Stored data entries

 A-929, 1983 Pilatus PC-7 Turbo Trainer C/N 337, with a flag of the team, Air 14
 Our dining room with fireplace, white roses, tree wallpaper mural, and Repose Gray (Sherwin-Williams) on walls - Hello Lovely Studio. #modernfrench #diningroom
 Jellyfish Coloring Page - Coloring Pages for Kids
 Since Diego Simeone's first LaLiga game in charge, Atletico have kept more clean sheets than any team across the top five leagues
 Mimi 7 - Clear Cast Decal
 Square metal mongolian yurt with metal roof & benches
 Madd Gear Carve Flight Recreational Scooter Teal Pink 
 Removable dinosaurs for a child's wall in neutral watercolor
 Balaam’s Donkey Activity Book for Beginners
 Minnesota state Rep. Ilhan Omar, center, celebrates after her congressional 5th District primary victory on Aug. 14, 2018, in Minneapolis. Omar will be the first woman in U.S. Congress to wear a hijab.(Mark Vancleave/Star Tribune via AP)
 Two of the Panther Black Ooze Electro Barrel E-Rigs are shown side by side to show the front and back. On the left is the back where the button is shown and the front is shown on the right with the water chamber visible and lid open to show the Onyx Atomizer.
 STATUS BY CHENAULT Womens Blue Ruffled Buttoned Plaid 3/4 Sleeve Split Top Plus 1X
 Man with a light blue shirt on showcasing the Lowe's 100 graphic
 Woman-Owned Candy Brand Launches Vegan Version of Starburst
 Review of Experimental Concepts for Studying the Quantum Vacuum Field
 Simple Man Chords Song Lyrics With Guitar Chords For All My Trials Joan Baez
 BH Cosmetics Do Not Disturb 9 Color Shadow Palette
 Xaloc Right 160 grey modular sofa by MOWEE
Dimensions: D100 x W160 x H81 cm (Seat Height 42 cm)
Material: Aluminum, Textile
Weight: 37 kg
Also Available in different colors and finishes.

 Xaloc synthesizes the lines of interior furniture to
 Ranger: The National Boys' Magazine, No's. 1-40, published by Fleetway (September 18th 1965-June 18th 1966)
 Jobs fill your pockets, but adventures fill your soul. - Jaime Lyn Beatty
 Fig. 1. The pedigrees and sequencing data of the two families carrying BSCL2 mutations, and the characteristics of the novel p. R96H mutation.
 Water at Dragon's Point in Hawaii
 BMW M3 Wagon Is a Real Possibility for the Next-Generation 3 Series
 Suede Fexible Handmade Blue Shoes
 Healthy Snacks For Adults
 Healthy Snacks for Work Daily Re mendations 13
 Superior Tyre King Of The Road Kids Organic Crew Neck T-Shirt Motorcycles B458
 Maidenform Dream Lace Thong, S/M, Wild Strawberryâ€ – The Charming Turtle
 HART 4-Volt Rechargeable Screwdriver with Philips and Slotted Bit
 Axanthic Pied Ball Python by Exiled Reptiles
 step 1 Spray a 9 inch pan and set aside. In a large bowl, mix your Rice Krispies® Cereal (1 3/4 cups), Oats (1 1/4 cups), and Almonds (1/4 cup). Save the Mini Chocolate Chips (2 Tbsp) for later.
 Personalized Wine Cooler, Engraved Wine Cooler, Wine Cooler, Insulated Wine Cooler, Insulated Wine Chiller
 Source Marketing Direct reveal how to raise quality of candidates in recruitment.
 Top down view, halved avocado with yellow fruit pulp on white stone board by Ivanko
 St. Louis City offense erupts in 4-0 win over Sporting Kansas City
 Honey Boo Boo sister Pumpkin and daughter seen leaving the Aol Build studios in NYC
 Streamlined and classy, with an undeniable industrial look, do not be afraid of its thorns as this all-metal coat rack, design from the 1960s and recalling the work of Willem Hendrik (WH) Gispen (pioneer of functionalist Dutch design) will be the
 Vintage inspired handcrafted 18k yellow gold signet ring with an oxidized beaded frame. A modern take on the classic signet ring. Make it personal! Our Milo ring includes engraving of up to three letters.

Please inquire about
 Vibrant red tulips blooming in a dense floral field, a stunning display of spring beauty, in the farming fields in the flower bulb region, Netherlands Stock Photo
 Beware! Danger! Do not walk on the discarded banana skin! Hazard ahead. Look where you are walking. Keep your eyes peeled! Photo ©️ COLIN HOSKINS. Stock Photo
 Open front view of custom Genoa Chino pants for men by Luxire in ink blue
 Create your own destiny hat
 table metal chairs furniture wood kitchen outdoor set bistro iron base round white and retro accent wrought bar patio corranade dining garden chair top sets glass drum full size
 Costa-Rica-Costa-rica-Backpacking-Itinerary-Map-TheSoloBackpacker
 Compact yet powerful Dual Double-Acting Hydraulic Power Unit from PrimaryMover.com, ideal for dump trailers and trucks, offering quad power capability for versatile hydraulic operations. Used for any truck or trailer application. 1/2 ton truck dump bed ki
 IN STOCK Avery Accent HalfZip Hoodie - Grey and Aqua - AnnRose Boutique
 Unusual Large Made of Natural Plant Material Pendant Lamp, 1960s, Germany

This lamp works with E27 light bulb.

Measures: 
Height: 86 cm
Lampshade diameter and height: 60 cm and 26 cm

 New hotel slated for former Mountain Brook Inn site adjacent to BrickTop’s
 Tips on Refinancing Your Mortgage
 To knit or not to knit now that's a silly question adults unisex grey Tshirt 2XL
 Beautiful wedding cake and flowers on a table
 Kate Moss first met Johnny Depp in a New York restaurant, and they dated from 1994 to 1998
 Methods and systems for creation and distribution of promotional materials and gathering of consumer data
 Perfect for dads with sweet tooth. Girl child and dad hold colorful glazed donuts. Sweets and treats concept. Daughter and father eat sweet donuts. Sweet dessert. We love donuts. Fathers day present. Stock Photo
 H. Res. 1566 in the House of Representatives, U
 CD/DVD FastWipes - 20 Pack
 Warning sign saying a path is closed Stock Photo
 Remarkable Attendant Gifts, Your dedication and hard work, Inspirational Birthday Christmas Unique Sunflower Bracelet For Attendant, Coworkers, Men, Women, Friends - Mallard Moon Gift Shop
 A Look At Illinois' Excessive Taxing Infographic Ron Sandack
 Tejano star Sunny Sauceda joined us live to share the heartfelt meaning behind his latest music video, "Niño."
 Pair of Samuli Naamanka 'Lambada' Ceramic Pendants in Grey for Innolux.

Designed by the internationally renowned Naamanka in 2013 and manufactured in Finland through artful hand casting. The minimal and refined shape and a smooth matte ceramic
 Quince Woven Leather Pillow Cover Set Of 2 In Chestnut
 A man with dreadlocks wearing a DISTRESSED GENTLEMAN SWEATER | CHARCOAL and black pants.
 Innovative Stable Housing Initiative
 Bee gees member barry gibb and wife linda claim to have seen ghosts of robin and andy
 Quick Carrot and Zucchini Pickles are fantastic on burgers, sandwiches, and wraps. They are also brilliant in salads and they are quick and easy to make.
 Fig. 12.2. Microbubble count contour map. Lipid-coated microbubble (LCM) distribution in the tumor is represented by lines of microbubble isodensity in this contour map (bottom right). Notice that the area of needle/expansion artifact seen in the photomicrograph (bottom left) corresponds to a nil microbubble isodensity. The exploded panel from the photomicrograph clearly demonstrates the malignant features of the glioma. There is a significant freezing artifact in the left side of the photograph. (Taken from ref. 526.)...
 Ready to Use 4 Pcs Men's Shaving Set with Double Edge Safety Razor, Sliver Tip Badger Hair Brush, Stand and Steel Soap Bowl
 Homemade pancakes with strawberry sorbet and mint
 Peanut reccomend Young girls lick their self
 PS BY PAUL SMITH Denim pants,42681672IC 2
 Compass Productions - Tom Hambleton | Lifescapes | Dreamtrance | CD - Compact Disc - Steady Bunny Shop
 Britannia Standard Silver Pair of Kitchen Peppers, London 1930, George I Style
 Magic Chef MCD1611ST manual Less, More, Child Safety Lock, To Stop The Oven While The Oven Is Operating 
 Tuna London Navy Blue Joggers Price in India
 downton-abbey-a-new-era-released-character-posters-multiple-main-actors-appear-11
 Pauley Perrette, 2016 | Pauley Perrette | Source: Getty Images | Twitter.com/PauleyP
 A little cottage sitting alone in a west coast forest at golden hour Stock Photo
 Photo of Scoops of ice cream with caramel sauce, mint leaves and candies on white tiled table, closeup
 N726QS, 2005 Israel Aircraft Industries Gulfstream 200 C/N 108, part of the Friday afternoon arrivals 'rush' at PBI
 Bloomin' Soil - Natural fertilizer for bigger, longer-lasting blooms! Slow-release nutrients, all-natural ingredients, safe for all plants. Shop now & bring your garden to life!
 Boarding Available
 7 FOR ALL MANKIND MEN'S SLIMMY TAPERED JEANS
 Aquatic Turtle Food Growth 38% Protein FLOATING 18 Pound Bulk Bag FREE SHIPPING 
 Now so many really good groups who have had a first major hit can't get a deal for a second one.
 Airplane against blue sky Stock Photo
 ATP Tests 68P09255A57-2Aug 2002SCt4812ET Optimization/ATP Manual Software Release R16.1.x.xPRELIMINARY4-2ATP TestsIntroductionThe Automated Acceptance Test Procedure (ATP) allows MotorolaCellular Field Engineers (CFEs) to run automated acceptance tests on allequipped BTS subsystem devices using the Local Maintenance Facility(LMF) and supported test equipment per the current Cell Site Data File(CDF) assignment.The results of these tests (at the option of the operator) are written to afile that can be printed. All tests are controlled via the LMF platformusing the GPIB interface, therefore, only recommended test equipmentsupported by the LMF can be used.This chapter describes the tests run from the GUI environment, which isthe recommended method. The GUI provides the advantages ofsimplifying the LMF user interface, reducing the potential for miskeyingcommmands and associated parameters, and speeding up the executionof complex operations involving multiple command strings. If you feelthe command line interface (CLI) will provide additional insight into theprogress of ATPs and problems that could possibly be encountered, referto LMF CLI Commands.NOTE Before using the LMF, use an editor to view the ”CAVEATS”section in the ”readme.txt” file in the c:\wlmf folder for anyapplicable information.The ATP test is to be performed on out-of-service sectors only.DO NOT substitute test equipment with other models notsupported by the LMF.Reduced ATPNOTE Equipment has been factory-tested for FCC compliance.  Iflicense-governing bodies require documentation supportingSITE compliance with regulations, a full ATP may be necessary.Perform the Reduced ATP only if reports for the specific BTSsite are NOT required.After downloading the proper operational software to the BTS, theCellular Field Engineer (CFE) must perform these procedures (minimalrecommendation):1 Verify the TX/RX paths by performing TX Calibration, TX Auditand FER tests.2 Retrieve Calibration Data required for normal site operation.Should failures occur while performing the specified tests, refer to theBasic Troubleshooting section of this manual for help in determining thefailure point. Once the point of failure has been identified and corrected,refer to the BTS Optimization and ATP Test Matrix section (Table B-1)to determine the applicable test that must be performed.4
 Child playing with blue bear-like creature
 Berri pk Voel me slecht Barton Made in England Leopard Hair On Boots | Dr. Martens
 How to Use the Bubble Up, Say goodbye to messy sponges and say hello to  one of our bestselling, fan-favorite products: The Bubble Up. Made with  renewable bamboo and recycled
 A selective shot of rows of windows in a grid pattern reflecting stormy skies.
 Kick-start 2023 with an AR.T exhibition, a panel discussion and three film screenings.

#### ASSIGNMENT:
Scan the entries above for the line containing "Photo of Scoops", and copy it and all lines after it exactly, down to and including the line containing "Airplane against blue sky Stock Photo".

#### ANSWER:
 Photo of Scoops of ice cream with caramel sauce, mint leaves and candies on white tiled table, closeup
 N726QS, 2005 Israel Aircraft Industries Gulfstream 200 C/N 108, part of the Friday afternoon arrivals 'rush' at PBI
 Bloomin' Soil - Natural fertilizer for bigger, longer-lasting blooms! Slow-release nutrients, all-natural ingredients, safe for all plants. Shop now & bring your garden to life!
 Boarding Available
 7 FOR ALL MANKIND MEN'S SLIMMY TAPERED JEANS
 Aquatic Turtle Food Growth 38% Protein FLOATING 18 Pound Bulk Bag FREE SHIPPING 
 Now so many really good groups who have had a first major hit can't get a deal for a second one.
 Airplane against blue sky Stock Photo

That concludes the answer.